Теперь в нескольких строках подведем итог этому долгому разговору о соборе Святого Исаакия Далматского. Вне всяких сомнений и независимо от того, принять его стиль или нет, это самое значительное религиозное здание, которое было построено в этом веке. Оно делает честь архитектору де Монферрану, которому удалось довести его строительство до конца, да еще за такое малое количество лет. Он уснул в могиле, имея возможность вполне справедливо сказать себе: «Я памятник воздвиг себе прочнее…»[82] Подобное счастье редко выпадает на долю архитекторов, ведь их планы в большинстве своем так редко осуществляются. На торжественных открытиях начатых ими храмов обычно присутствует уже только их дух.

Как бы быстро ни был построен Исаакиевский собор, времени этого, однако, оказалось достаточно, чтобы многие перемены произошли в умах людей. В эпоху, когда создавались планы храма, приверженность классике царила безраздельно и беспрекословно. Считался совершенством и допускался только греко-римский стиль. И как недостойное рассматривалось все, что человеческий гений веками создавал во имя служения новой религии христианства. Архитектура романского, византийского и готического стилей казалась дурным вкусом, противоречившим канонам искусства, она считалась варварской. Ей отводилось лишь историческое место, и, конечно, никто не посчитал бы возможным воспринимать ее как образец.

Но когда пришло время школы романтизма, люди стали старательно изучать эпоху средних веков, национальных корней искусства, что вывело на свет божий красоту базилик, соборов и часовен, а их так долго презирали и воспринимали только как плоды терпеливого труда малопросвещенных эпох усердного христианства.

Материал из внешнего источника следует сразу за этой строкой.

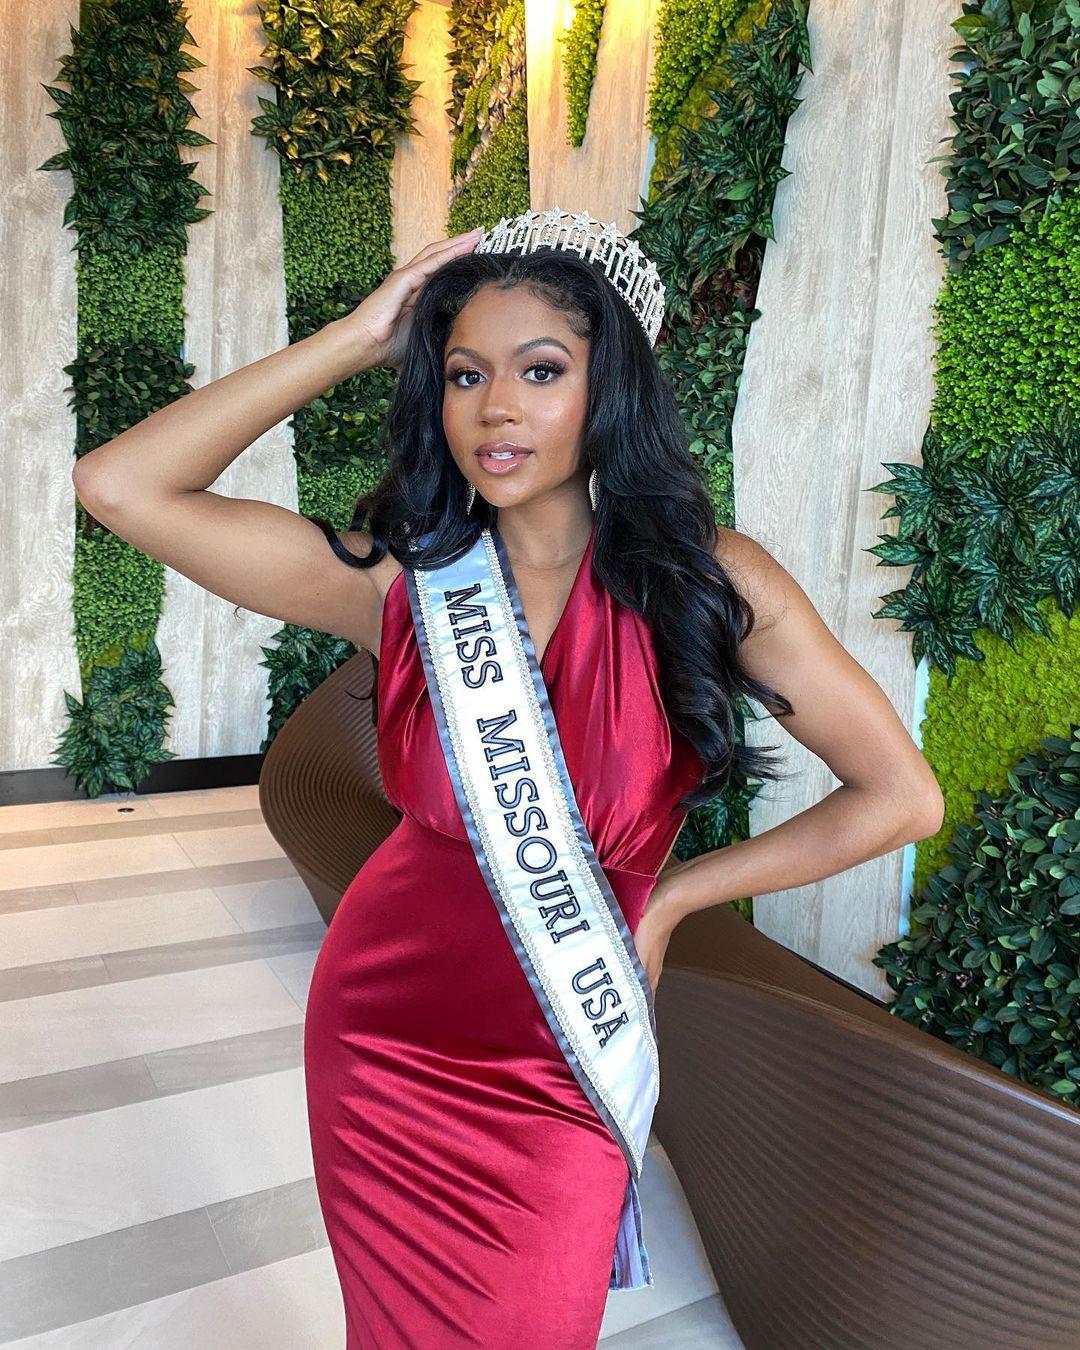 candidatas a miss usa 2021. final: 29 nov. sede: oklahoma. - Página 2 RVB0DF
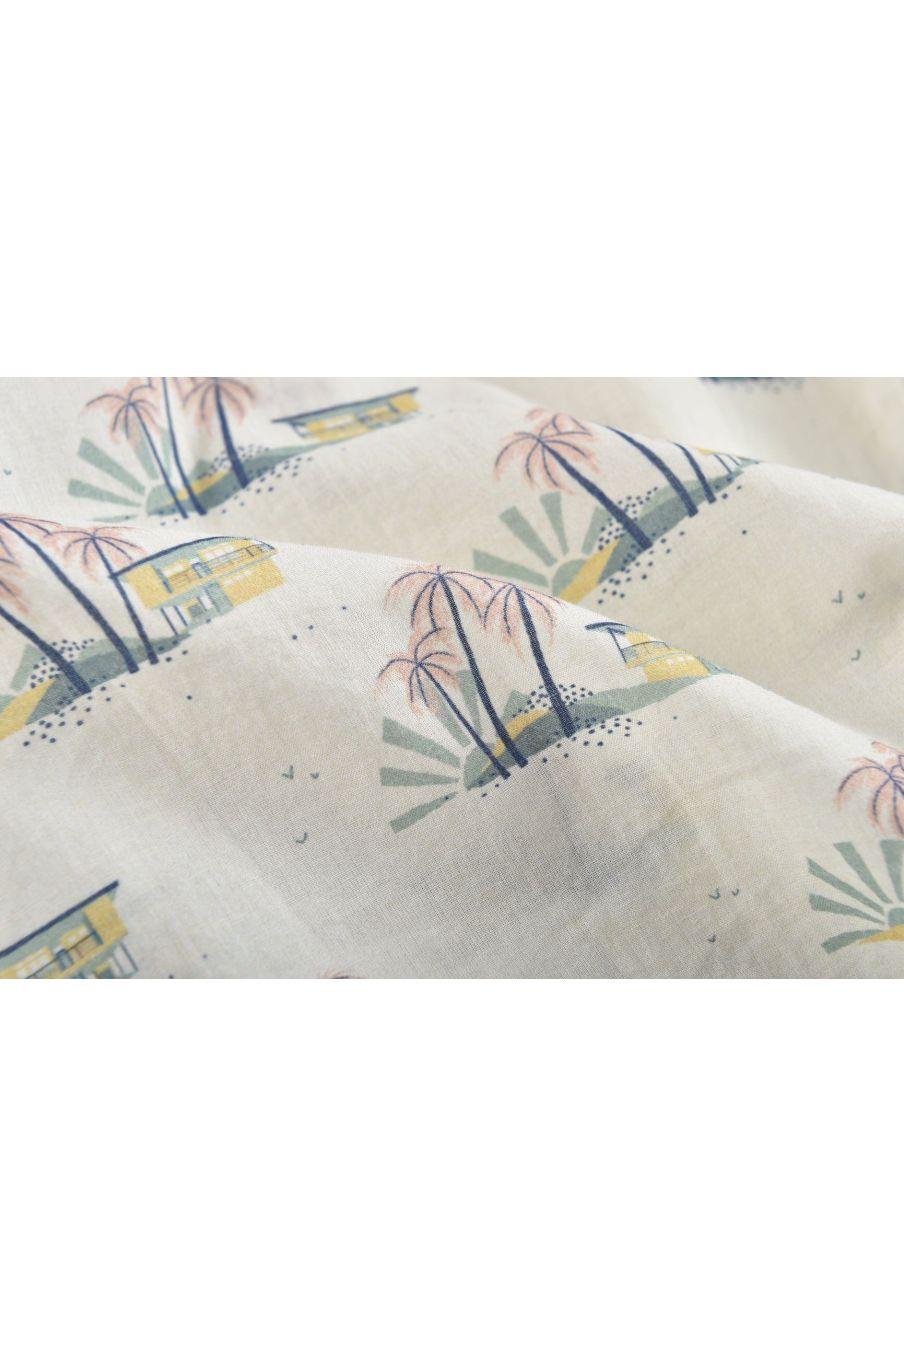 boheme chic vintage chemise garcon alov off-white hawaï
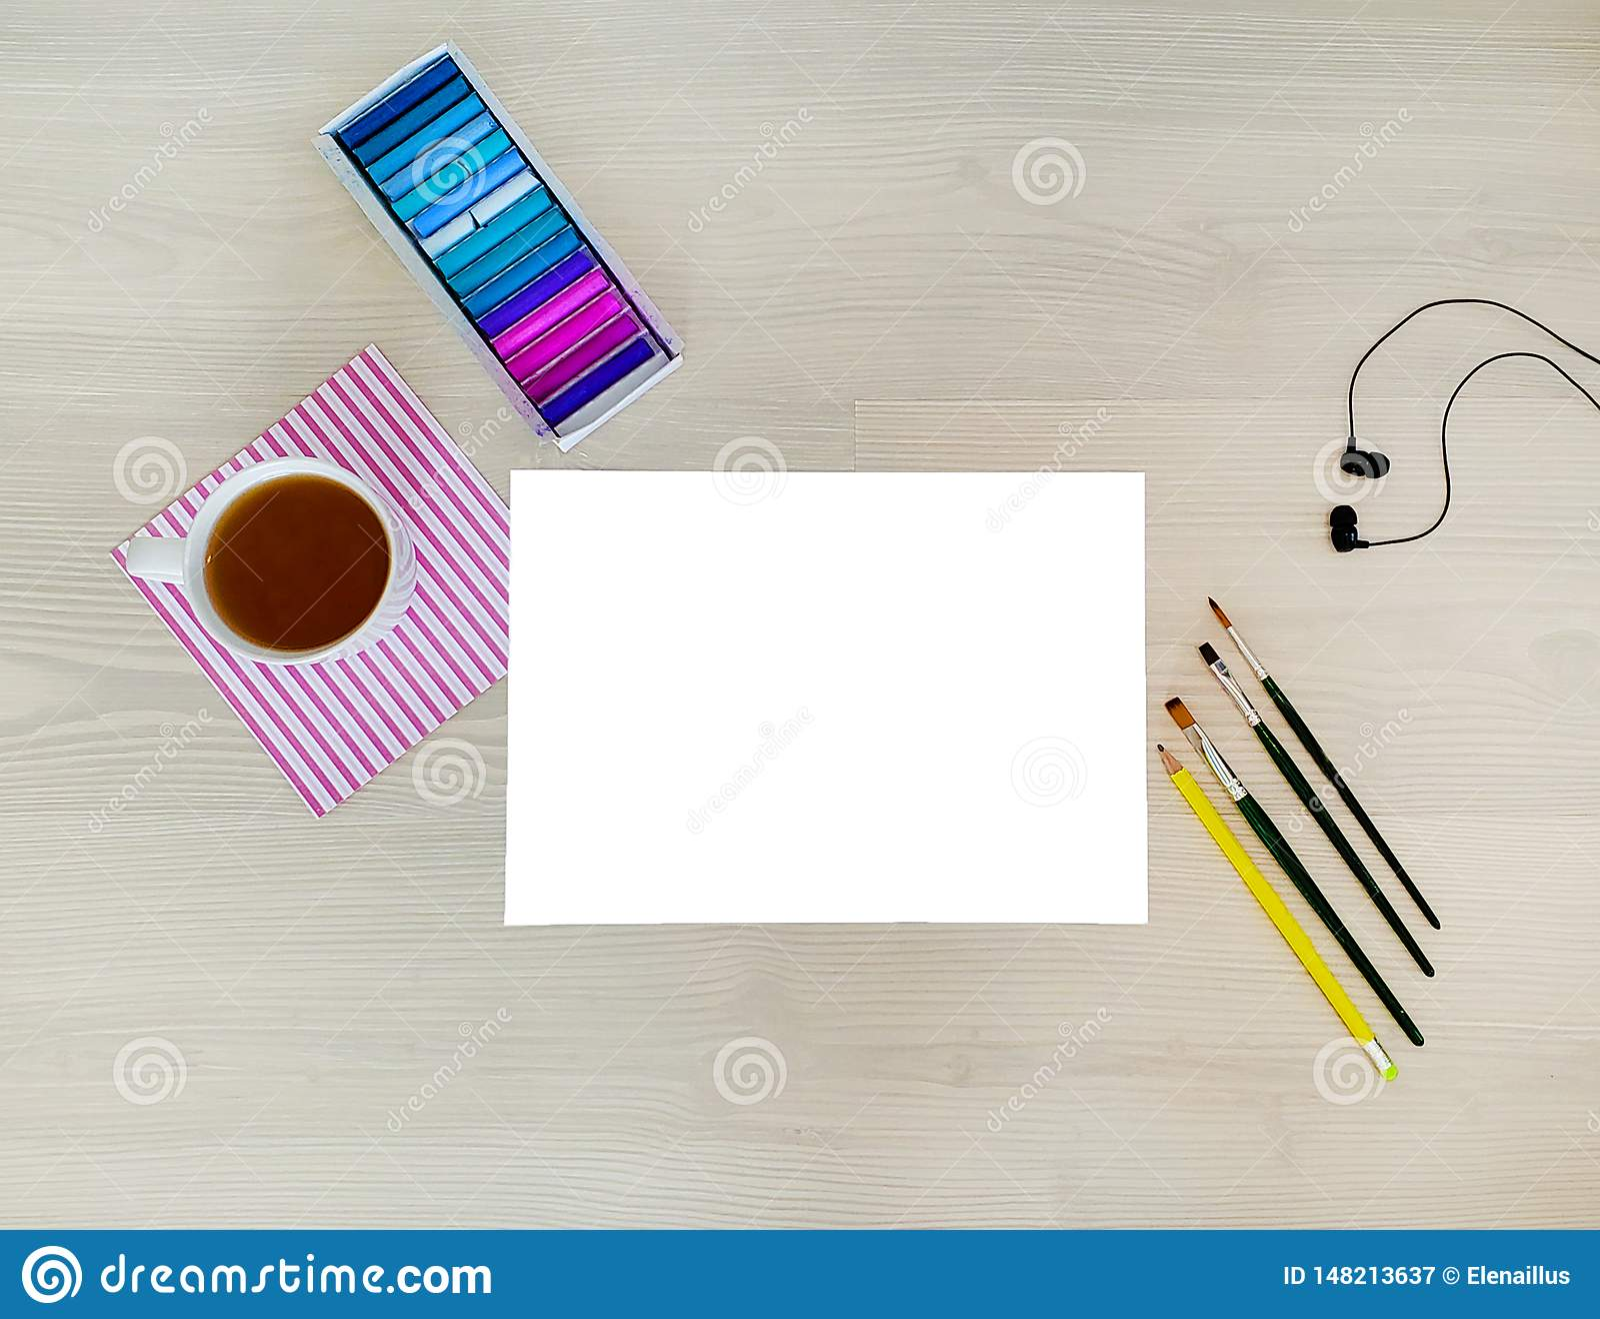 Projektant, artysta miejsce pracy E
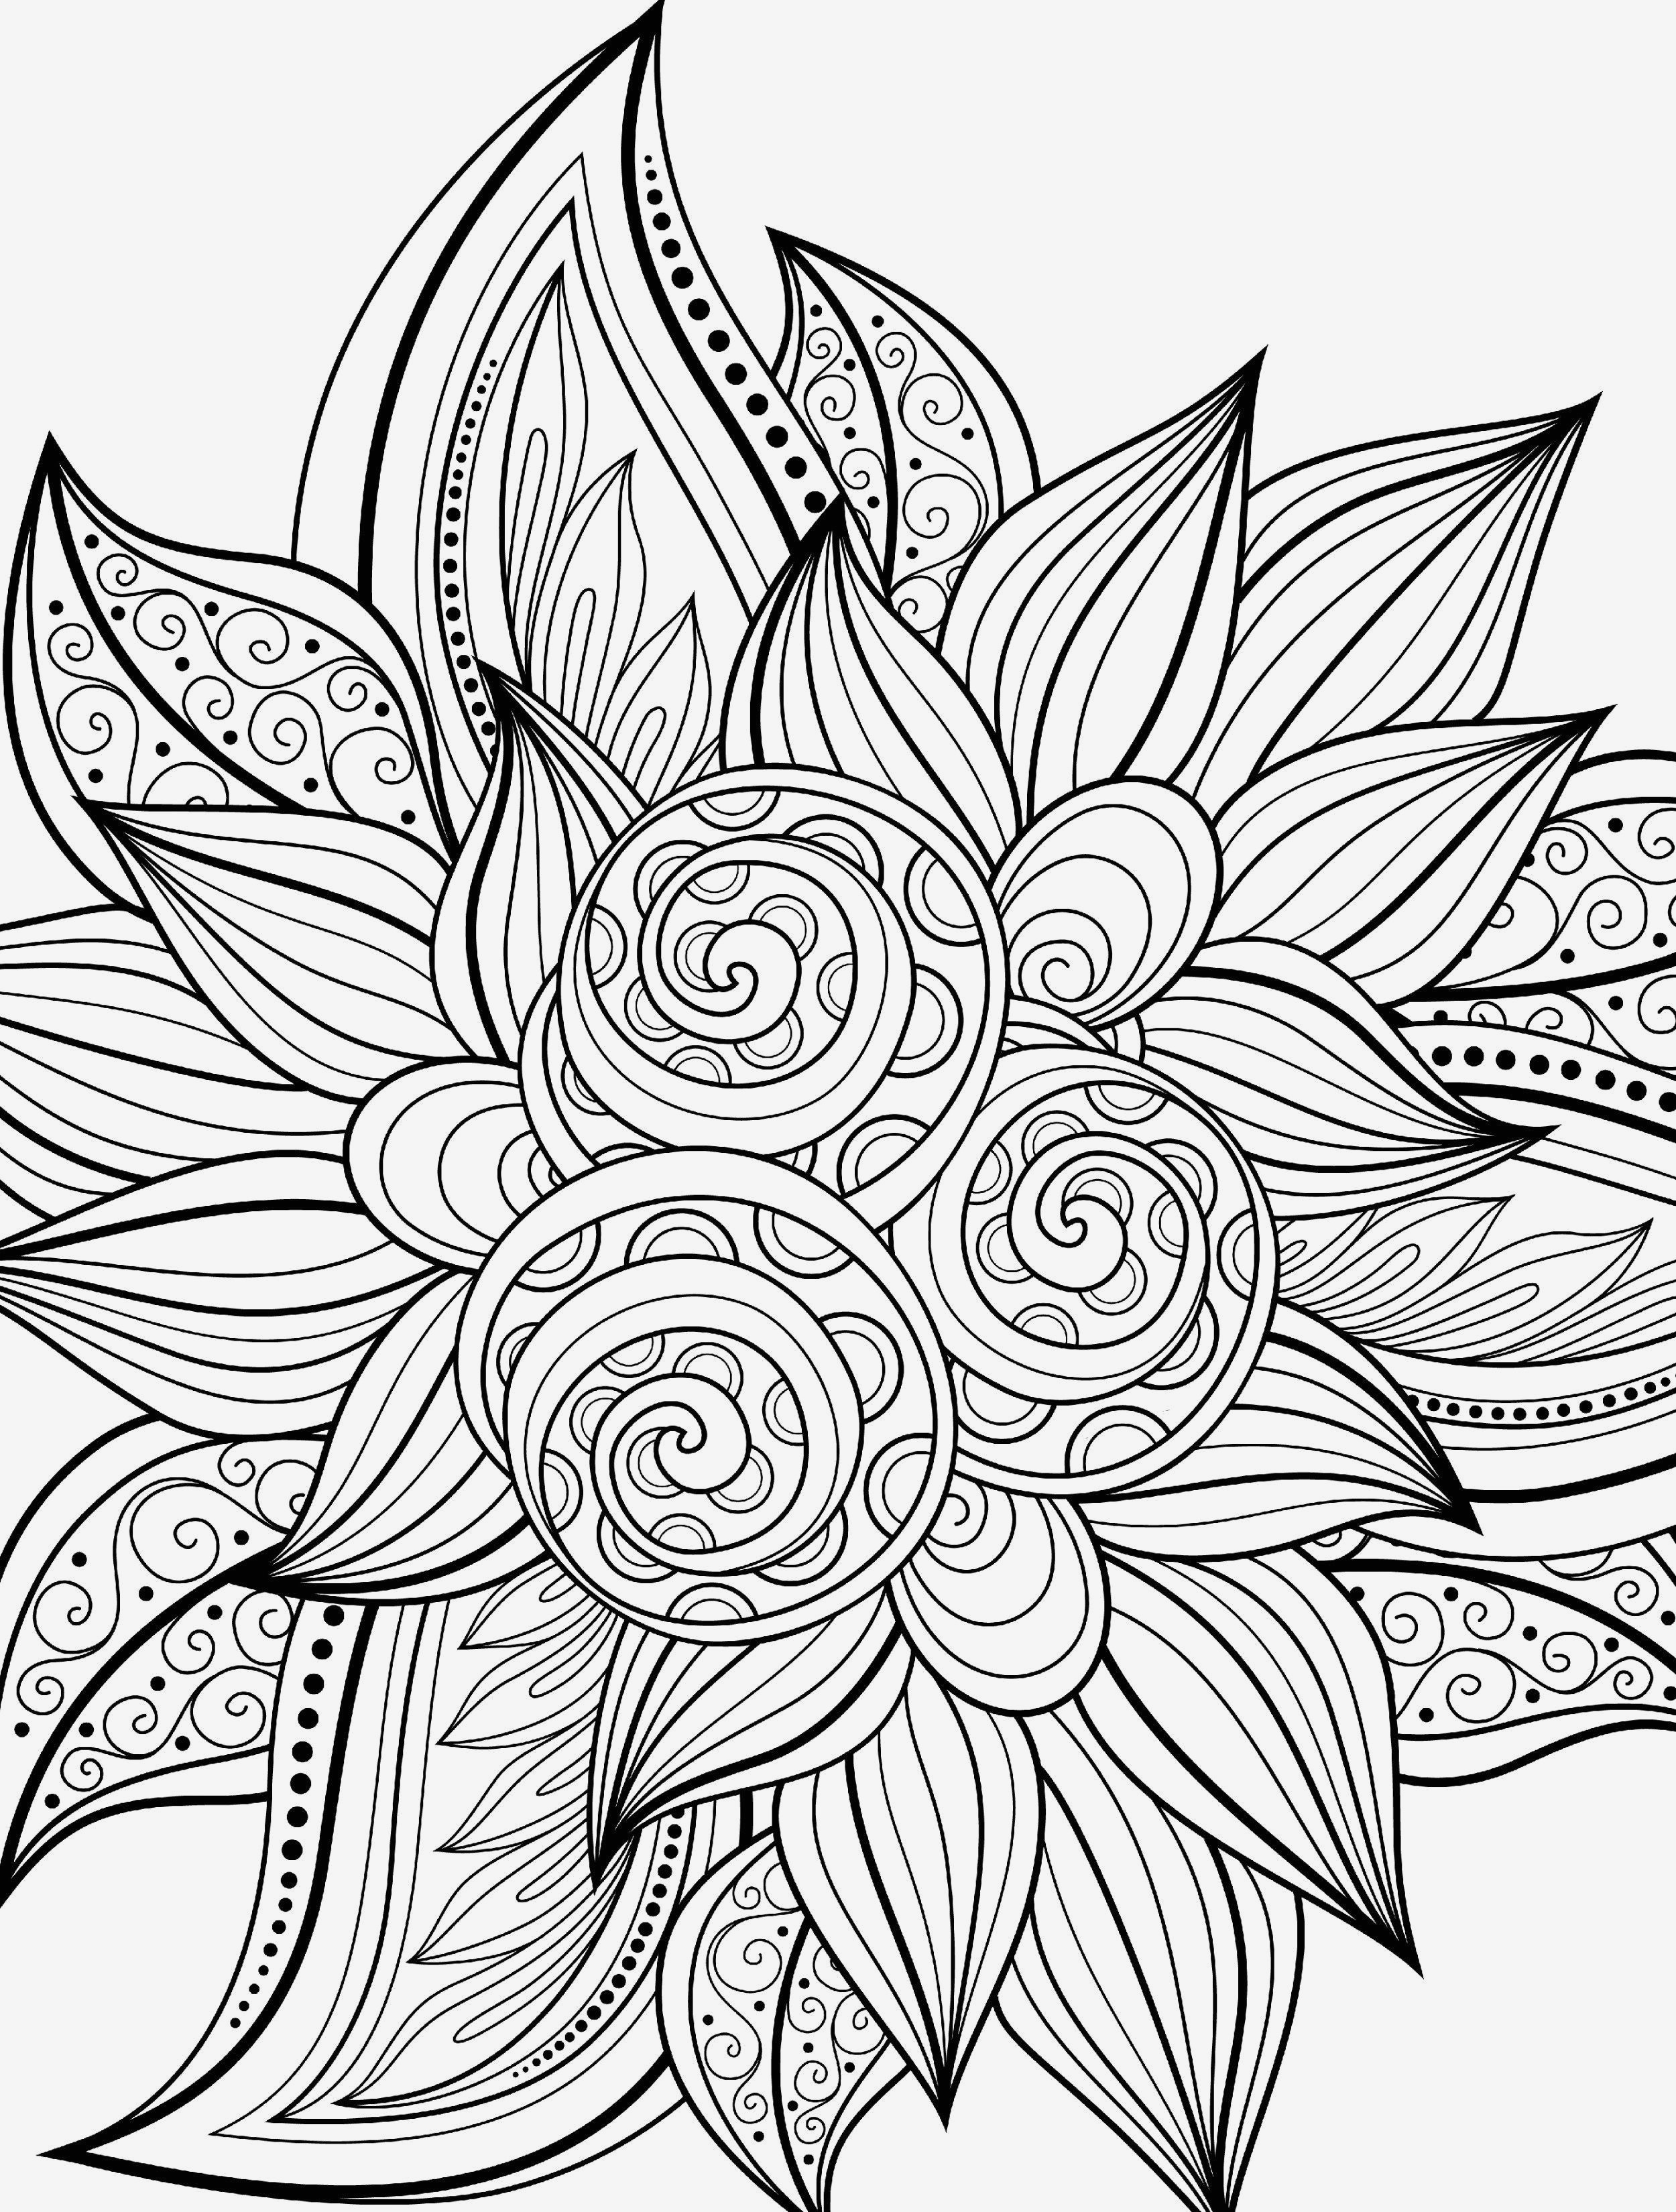 custom photo flower vase of free flower coloring pages the first ever custom cool vases flower inside free flower coloring pages free print flower coloring pages free printable fresh cool vases flower vase

Так открылось очень законченное, продуманное искусство, превосходно осознающее самое себя, подвластное правилам, обладающее сложной и полной таинств символикой. Все это теперь мы увидели и поразились массивности и законченности деталей зданий, которые до сих пор принимали за случайные творения каменотесов и невежд каменщиков. Тотчас же последовала реакция, которая, как таковая, вскоре стала несправедливой: за современными зданиями, построенными в классическом стиле, никакой заслуги больше не признавалось, и, вполне вероятно, не один русский сетует на то, что этот роскошный храм построен по образцу Пантеона в Риме, а не по образцу, скажем, Святой Софии в Константинополе. Подобное мнение может существовать, и, конечно, оно даже превалирует сегодня. Я не считал бы это мнение нелепым, если бы строительство Исаакиевского собора начиналось теперь. Но в то время, когда планы собора только составлялись, ни один архитектор не стал бы действовать иначе, чем архитектор де Монферран.

Мне же вне всякой системы классический стиль представляется наиболее соответствующим собору, этому центру православного культа. Эти классические формы вне моды и времени, вечные, не могущие устареть или стать варварскими для новых поколений, сколько бы ни простояло здание, накладывают на него печать истинной красоты. Известные всем цивилизованным народам, эти формы могут лишь восхищать, не удивляя, не вызывая критики, и, если какой-нибудь другой стиль покажется более уместным и живописным, возможно, более необычным – одним словом, не наскучившим, обязательно в нем будет заключаться и свое неудобство: он даст место различным толкам и кому-то, возможно, покажется неуместным, то есть как раз произведет впечатление, противоположное тому, которое именно и хотели создать строительством собора. Архитектор здесь не стремился удивить, он искал красоты, и, конечно, Исаакиевский собор – самая прекрасная церковь, построенная в наше время. Ее архитектура превосходно соответствует Санкт-Петербургу, самой молодой и новой столице.